:: RAW DATA ::
:::::

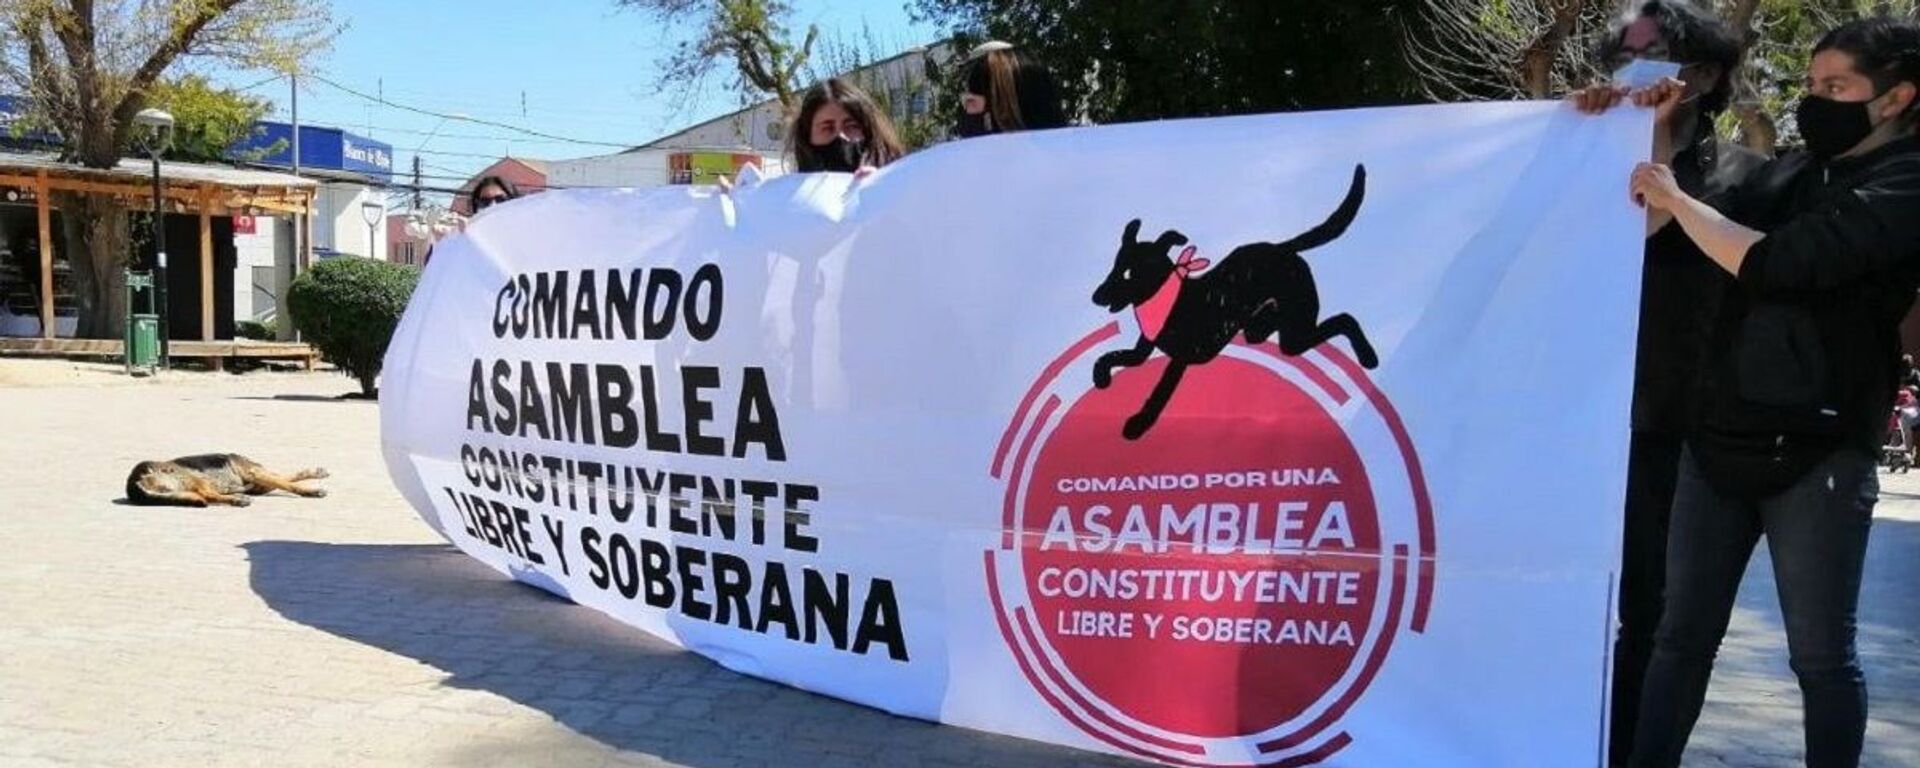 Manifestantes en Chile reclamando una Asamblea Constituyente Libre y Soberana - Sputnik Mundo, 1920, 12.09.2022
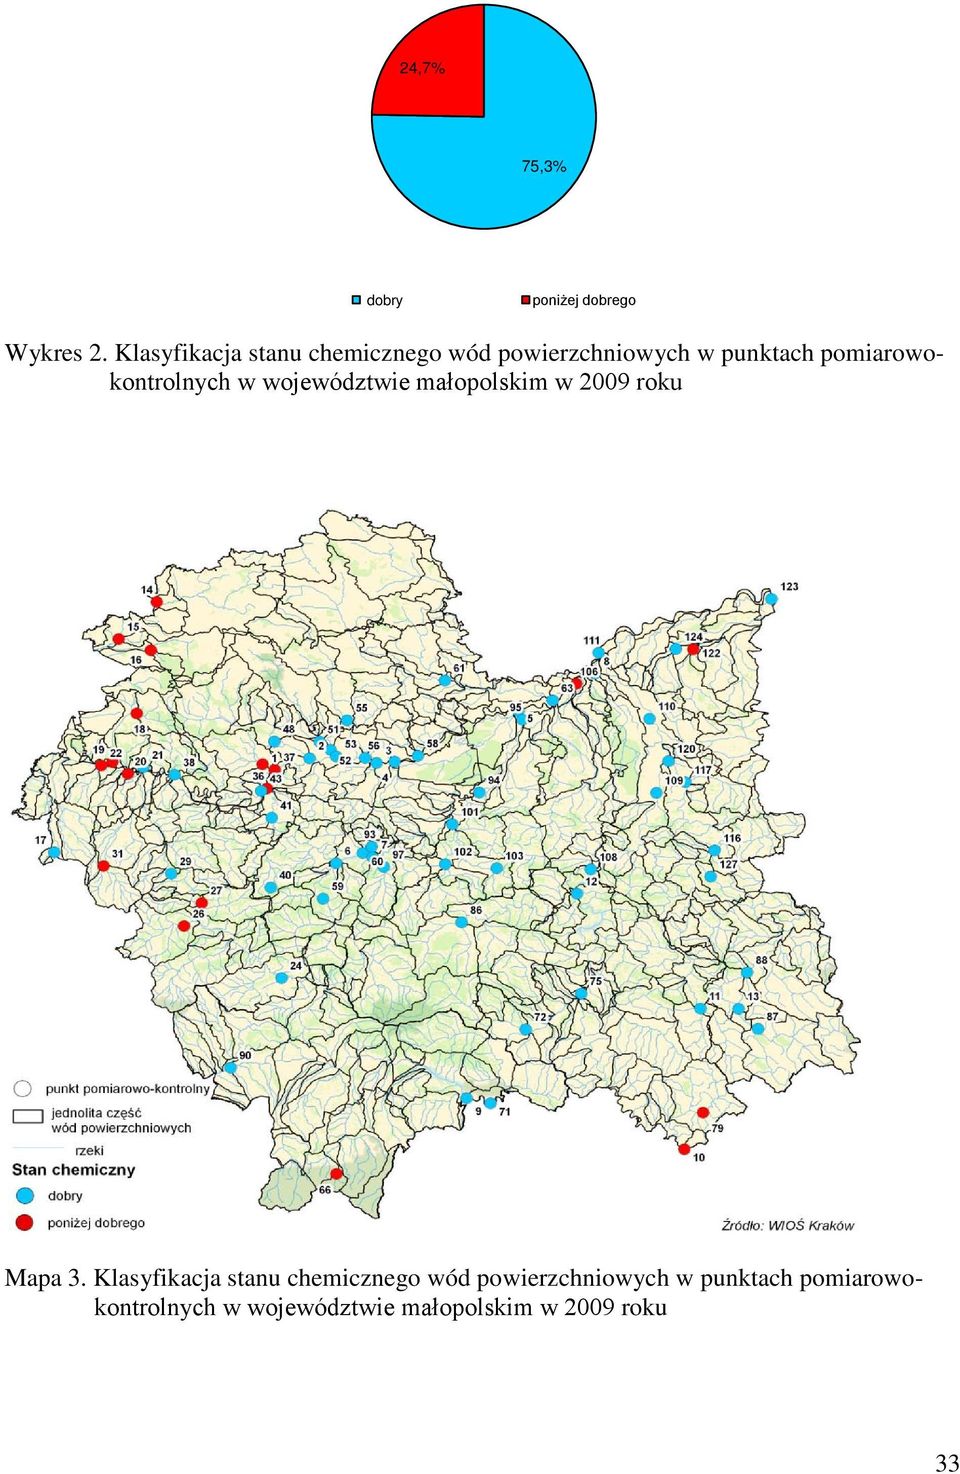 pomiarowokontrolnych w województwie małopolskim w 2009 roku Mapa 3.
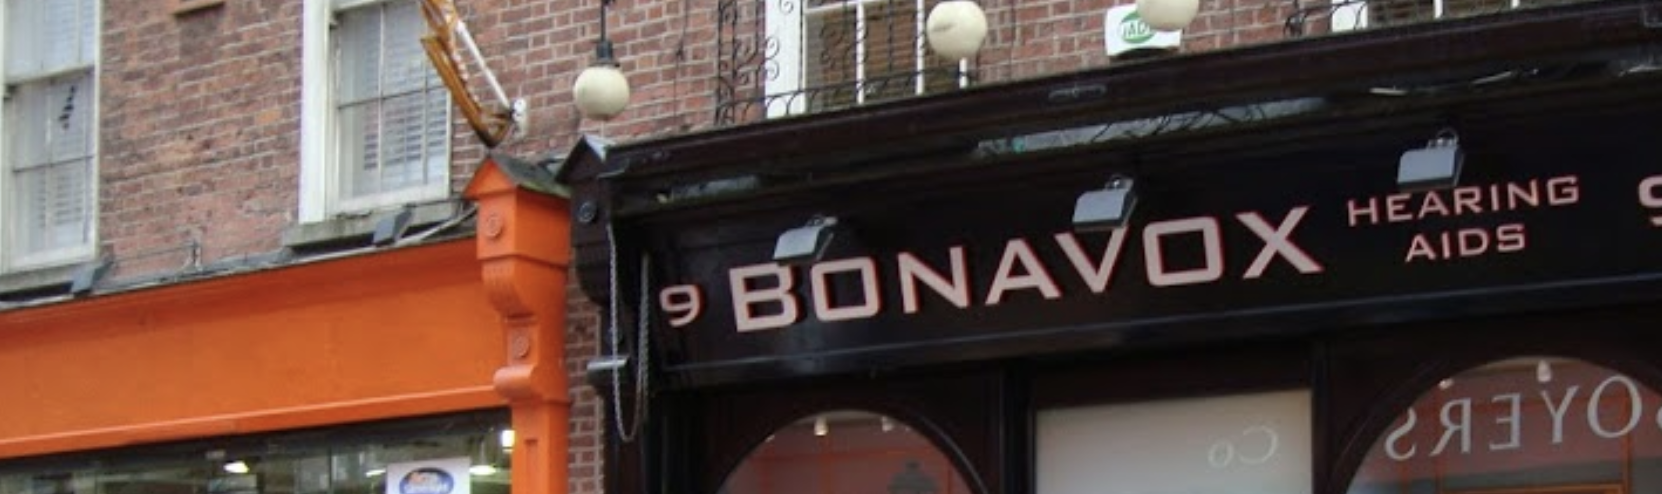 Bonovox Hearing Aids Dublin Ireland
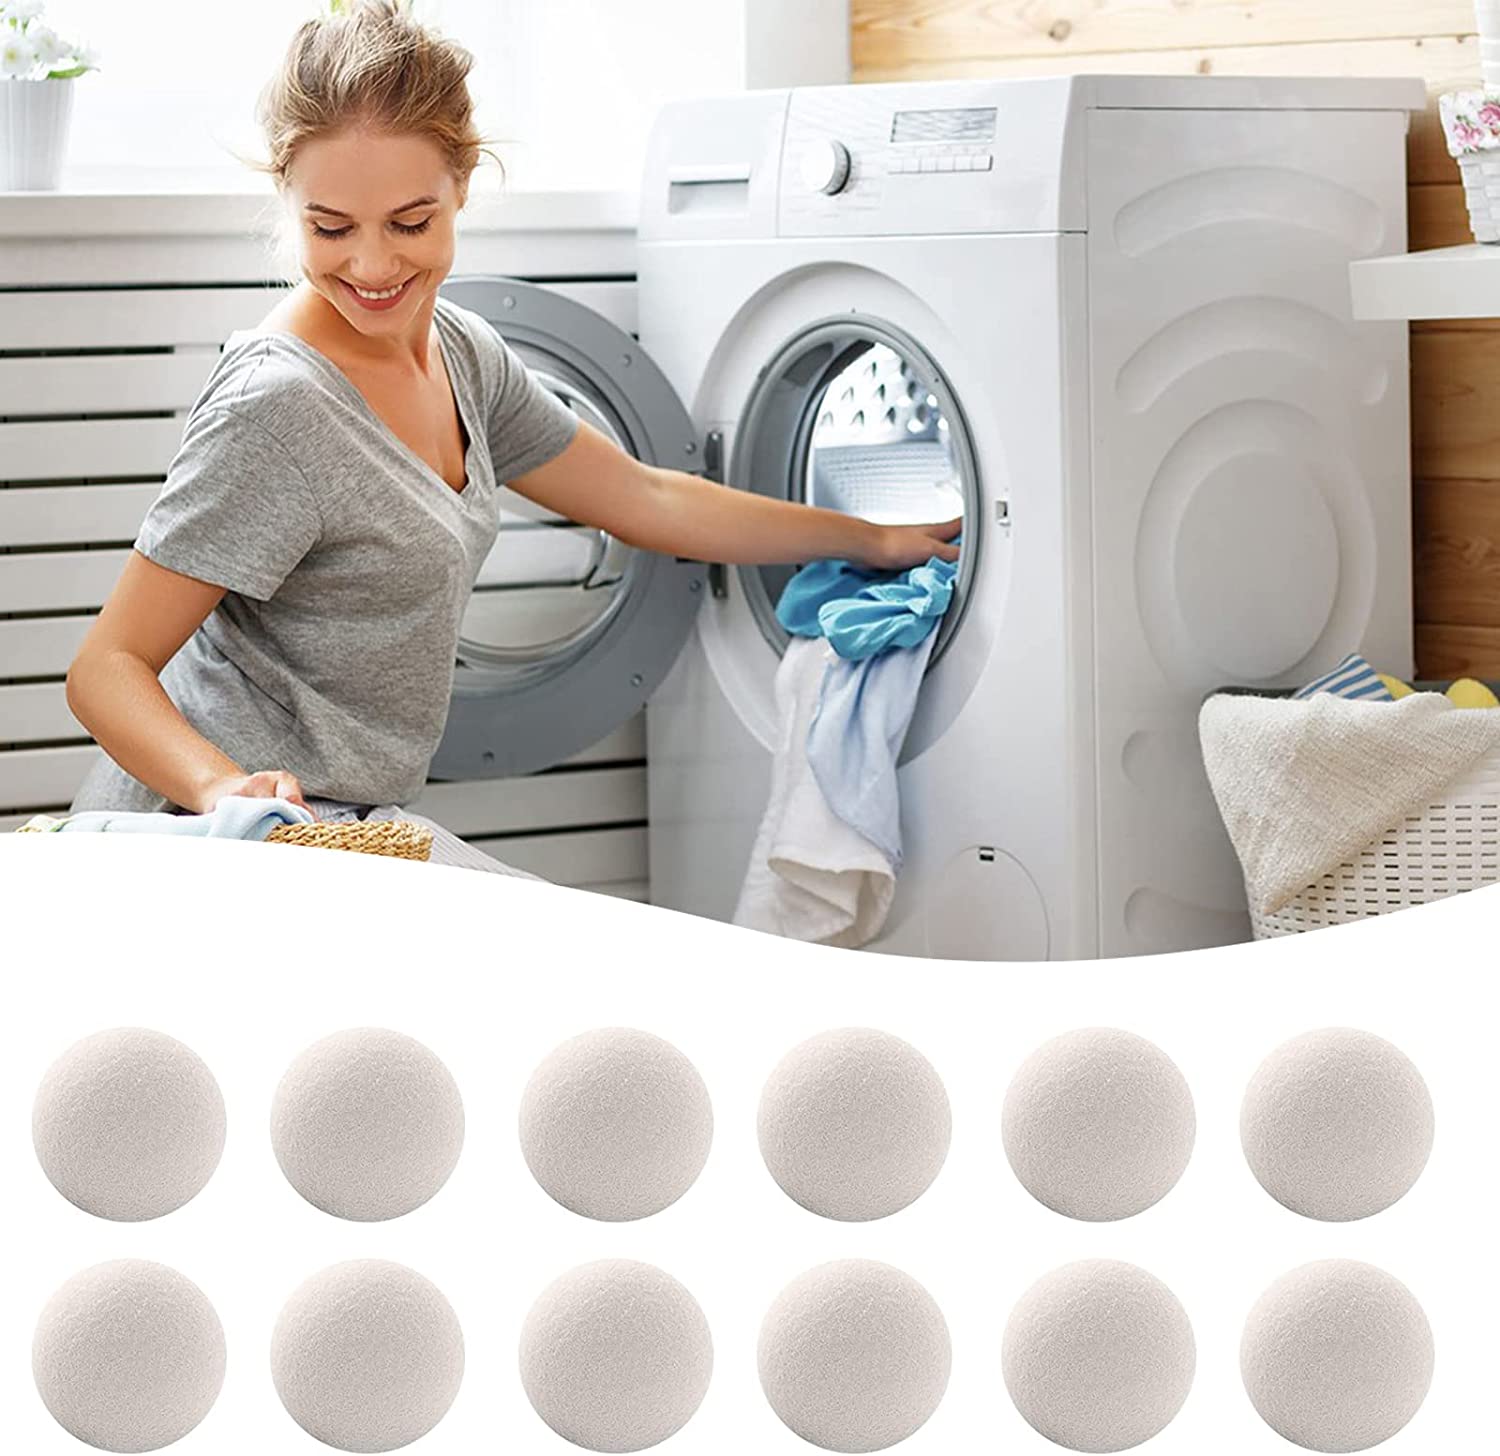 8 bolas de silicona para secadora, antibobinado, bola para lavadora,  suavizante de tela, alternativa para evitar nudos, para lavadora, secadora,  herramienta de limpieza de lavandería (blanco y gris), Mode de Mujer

:::::

:: WHAT TO PRODUCE ::
Leaving every picture out, write out exactly the lines from the one that holds "Bonovox Hearing Aids Dublin Ireland" through the end of the listing, both included.

:: YOUR RESPONSE ::
 Bonovox Hearing Aids Dublin Ireland
 8 bolas de silicona para secadora, antibobinado, bola para lavadora,  suavizante de tela, alternativa para evitar nudos, para lavadora, secadora,  herramienta de limpieza de lavandería (blanco y gris), Mode de Mujer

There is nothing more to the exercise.